И зараза явилась. Словно мухи, люди погибали от моровой язвы; погребали покойников под покровом ночи и тайны, потому что запрещено было хоронить при народе, дабы раскрытием размеров чумы не посеять ужаса и отчаяния среди населения. А в завершение всего наступила такая суровая зима, какой Париж не знал за последние пять веков. Голод, мор, убийства, лед, снег – все сразу низринулось на Париж. Мертвецы грудами лежали на улицах, а волки средь бела дня рыскали по городу и пожирали трупы.
Франция пала, о, как низко она пала! Уже больше трех четвертей столетия[2] прошло с тех пор, как когти англичан вонзились в ее тело, и войска ее так присмирели от беспрестанных поражений и кровопролитных потерь, что недалеко от правды было ходячее мнение, будто один вид англичан способен обратить в бегство французское войско.

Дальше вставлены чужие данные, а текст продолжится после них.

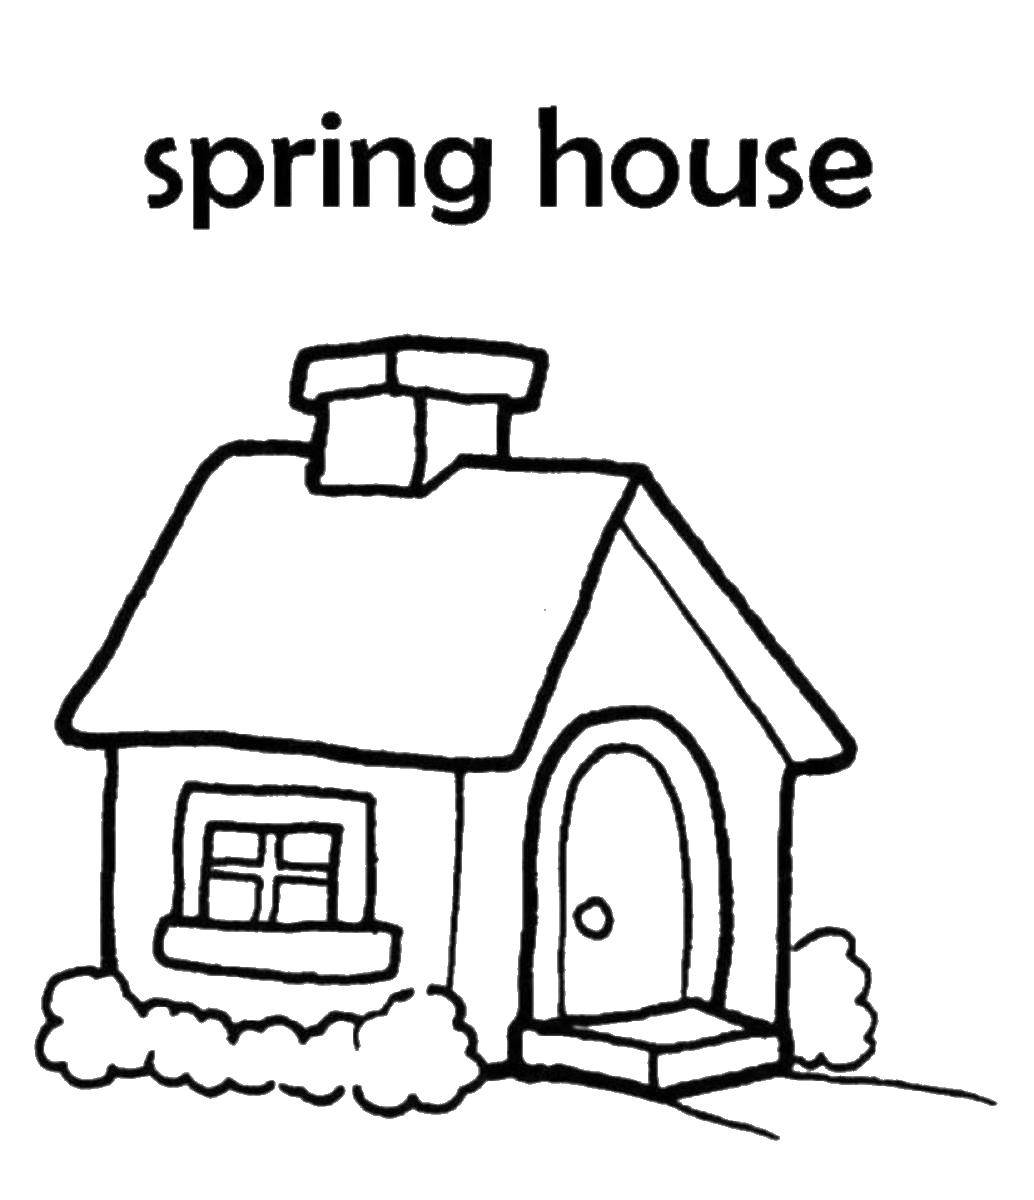 Coloring Spring house. Category Coloring house. Tags:  home, spring.

Мне было пять лет, когда на Францию обрушилась страшная трагедия Азенкура[3]; английский король вернулся к себе, чтобы отпраздновать победу, а обессиленная страна была предоставлена как добыча хищным шайкам «вольных дружин», находившимся на службе бургундской партии. Однажды ночью такая шайка совершила набег и на наш Невшато. При свете огня, охватившего наши соломенные крыши, я видел, как всех, кто был мне дорог на этом свете, убивали, невзирая на их мольбы о пощаде. В живых остался только мой старший брат, ваш предок: он находился тогда при дворе. Я слышал, как эти головорезы смеялись над их мольбами и передразнивали их просьбы о милосердии. Меня не заметили, и я остался невредим. Когда ушли кровожадные звери, я выполз из своего убежища и проплакал всю ночь, глядя на пылавшие дома; я был совершенно один, кругом меня находились лишь мертвые да раненые. Все разбежались, попрятались.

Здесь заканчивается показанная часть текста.